Here is the modified code:

static unsigned int x25_new_lci(struct sock *owner, struct x25_neigh *nb)
{
	unsigned int lci = 1;
	struct sock *s;

	write_lock_bh(&x25_list_lock);
	while (lci < 4096) {
		bool in_use = false;

		sk_for_each(s, &x25_list) {
			if (s != owner &&
			    x25_sk(s)->lci == lci &&
			    x25_sk(s)->neighbour == nb) {
				in_use = true;
				break;
			}
		}
		if (!in_use) {
			x25_sk(owner)->lci = lci;
			break;
		}
		lci++;
	}
	write_unlock_bh(&x25_list_lock);
	return (lci < 4096) ? lci : 0;
}

This code only uses the lock once (as a write lock), rather than once per open connection (as a read lock). It properly protects the LCI, setting it as in-use within the write lock protected region.

I have not confirmed why stress-test is 4.5 times faster with this fix in place, it is probably a combination of:

  • stress-test punishes lost connections (e.g. where the kernel gets confused and reuses an LCI).
  • One write lock is probably faster than many read locks in this circumstance. Since the write lock will always be used eventually (to allocate the LCI), the read locks are just wasting cycles. These read locks are spin locks, which burn CPU waiting.

Graphs of connections/second in the dashboard went from lumpy:

SYNC-003

to smooth with SYNC-004 in place:

SYNC-004

X.25 kernel SYNC-005, SYNC-006, SYNC-007

These patches maintained or improved the performance of the previous set. Notably, SYNC-007 improves data throughput:

Bytes per second by Kernel Patch

SYNC-007 replaces spin locks (which burn CPU waiting for the lock) with Read/Copy/Update locks (essentially free for read locking). Since one or more of these read locks are acquired on every packet processed, and these locks are mostly used as read locks, this is a worthwhile performance improvement.

Dashboard

Google Gemini has been keen to develop a dashboard for GoXOT since the very first prompt. During this work I decided to let it show me what it could do.

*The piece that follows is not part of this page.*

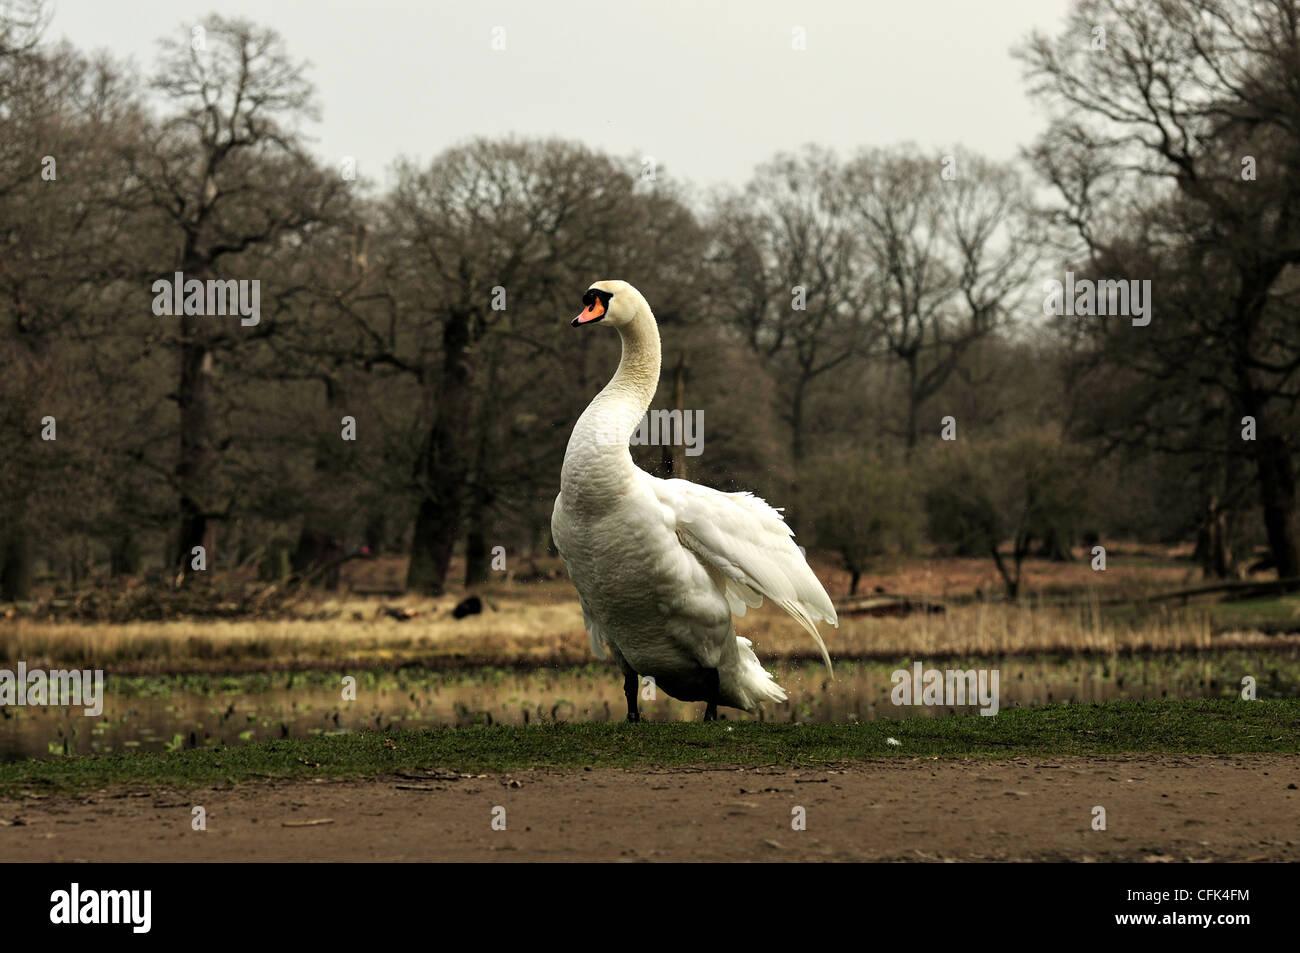 Mute swan at Dunham Massey shaking water off - Stock Image

The first attempt was a disaster. I asked Gemini to import GoXOT into the workspace and start developing a dashboard. It reorganised all of the files and directories in the repo around the dashboard concept, deleting unnecessary documentation and source code. I eventually had to give up on this attempt once it became irrecoverable. I did learn how to give Gemini standing instructions in AI Studio, which is a handy tool, and Gemini did have some good ideas about reorganising the varz metrics which I adopted.

On the second attempt I decided to let Gemini do what it wanted (create a new dashboard project), so I asked it to do that with reference to GoXOT. I dropped the idea of creating a diagram showing xot-server receiving calls, tun-gateway interfacing with local applications and xot-gateway forwarding outbound connections since Gemini struggled with positioning the elements (CSS, right?). Instead I specified that I wanted tables showing what was happening on each interface of each server instead. For graphing, I asked that each metric could be clicked on to graph it.

Between the first attempt and the second I switched from asking for “1990s futuristic” to “vt100”, which I think was a good choice.

The dashboard turned out well, you can:

  • See the availability of each GoXOT component and it’s uptime.
  • See per server and interface metrics and how they have changed since the last update.
  • See a summary of the types of packets handled.
  • Click a metric to start graphing it.

New Dashboard

If you don’t like it, just scrape the varz metrics with your boring metrics collection tool instead.

Conclusion

It’s been a long journey but it looks like all of the major bugs have been addressed.

I no longer get dmesg output indicating that the kernel is confused about the state of X.25 calls, nor any back traces for crashes. stress-test performance has increased 4.5x.

I can now lab test serial and ISDN links with confidence that most new findings will be outside of GoXOT and the Linux kernel.